Supplied entries
<<<<
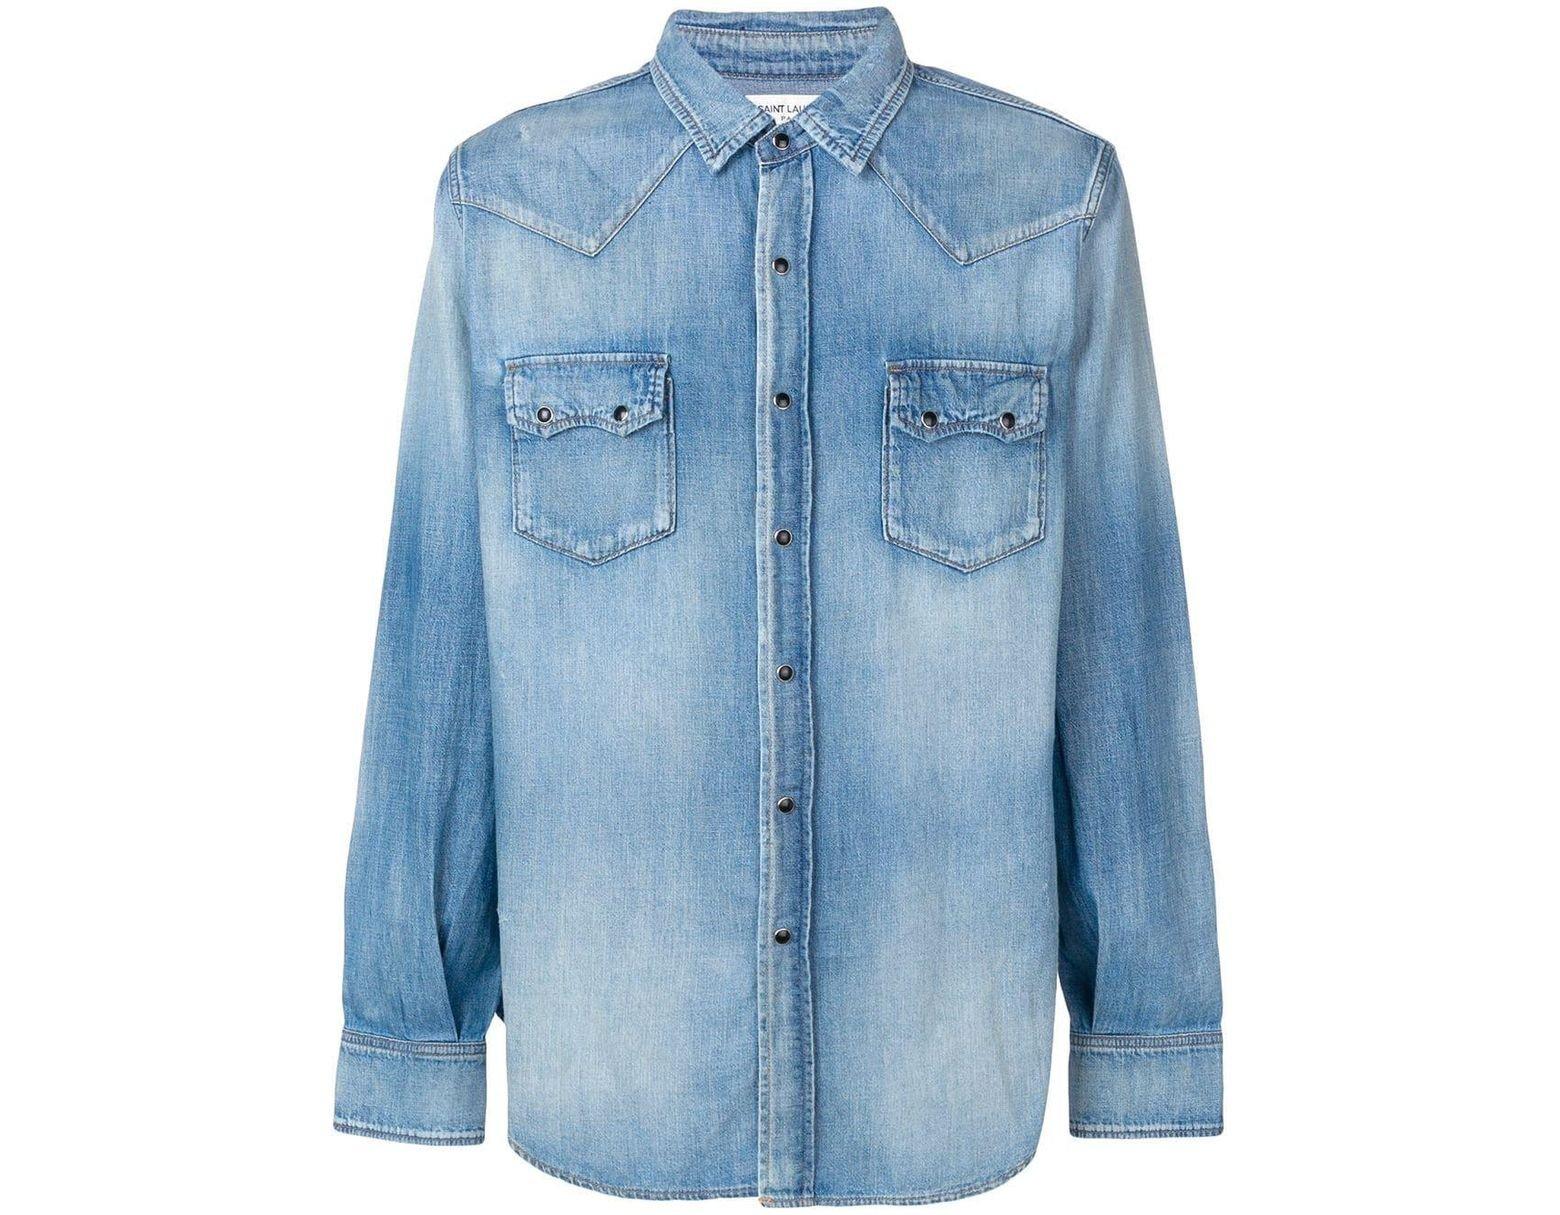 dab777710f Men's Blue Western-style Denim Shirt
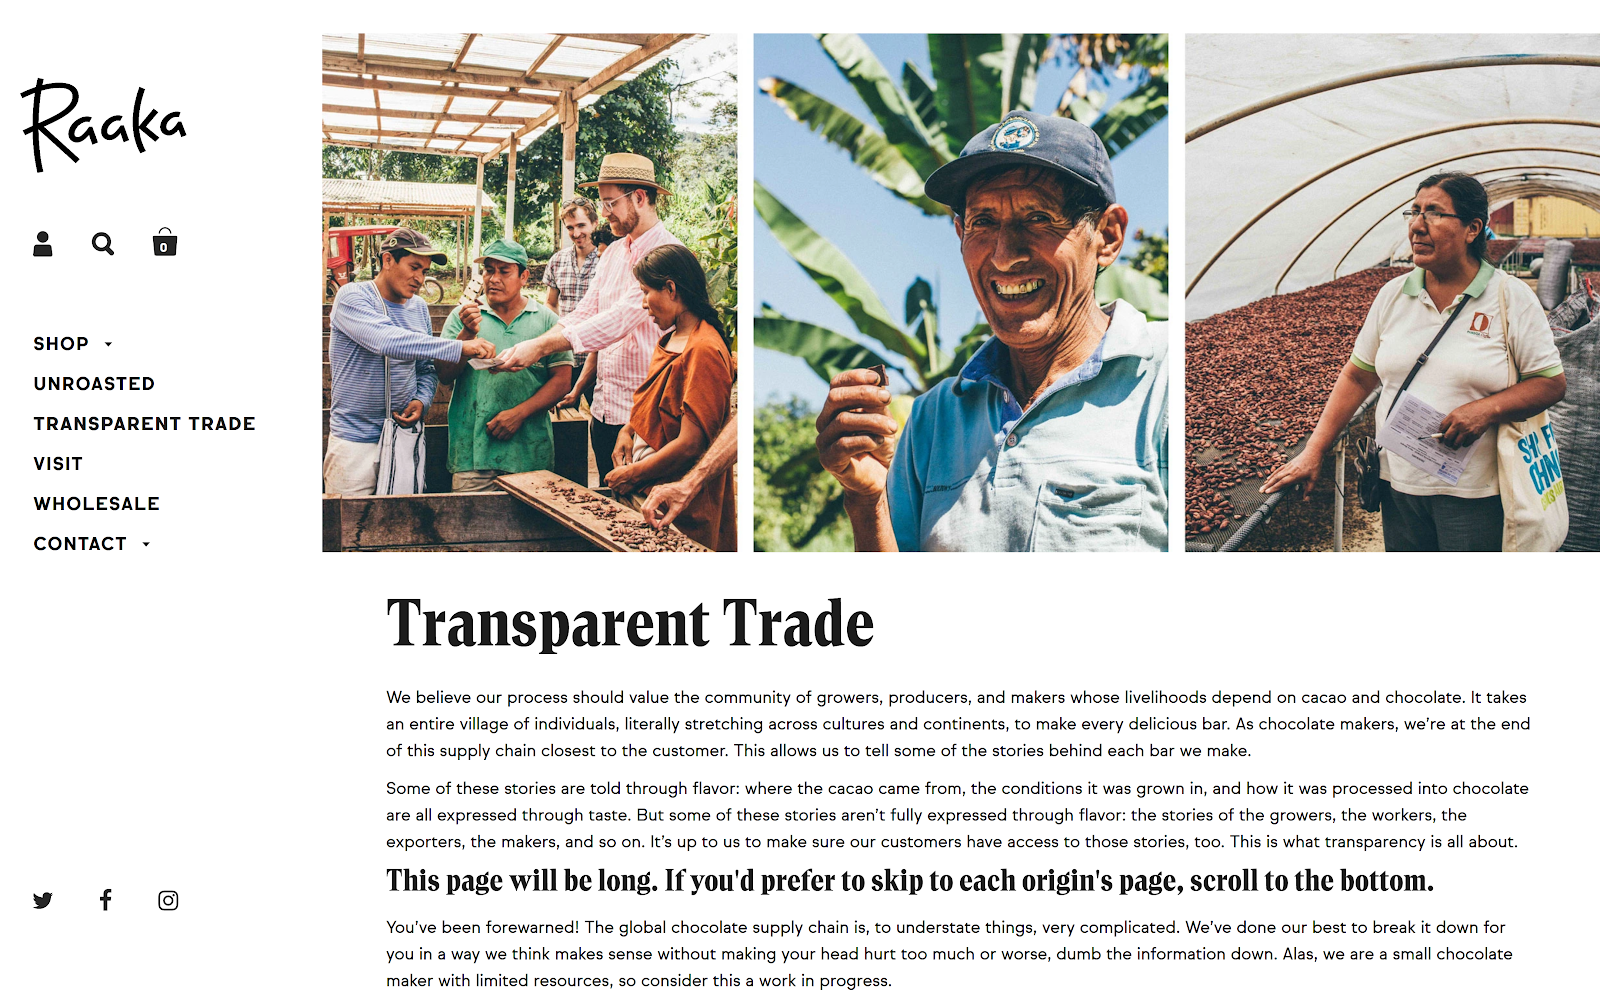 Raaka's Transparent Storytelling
>>>>
<<<<
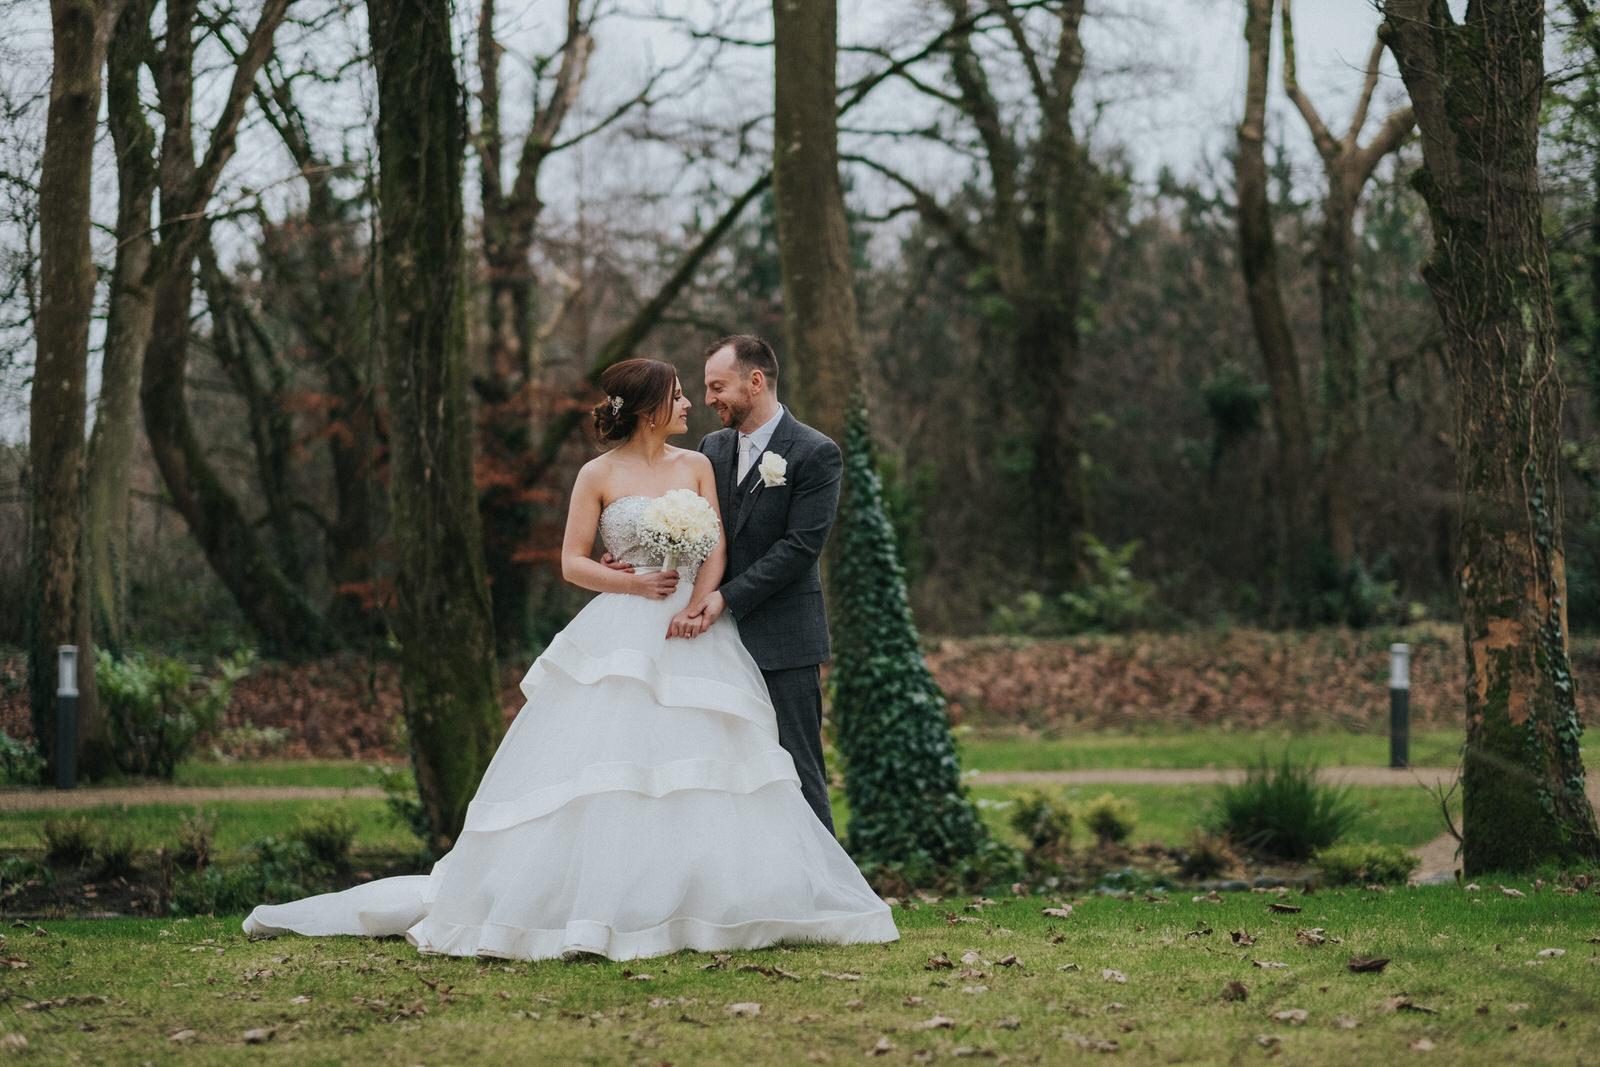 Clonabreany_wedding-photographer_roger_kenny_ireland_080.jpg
>>>>
What you have to do
Look back at the data above, then output exactly the lines from the line holding "dab777710f Men's Blue" up to and including the line holding "Raaka's Transparent Storytelling". Leave out the pictures.

Task result
 dab777710f Men's Blue Western-style Denim Shirt
 Raaka's Transparent Storytelling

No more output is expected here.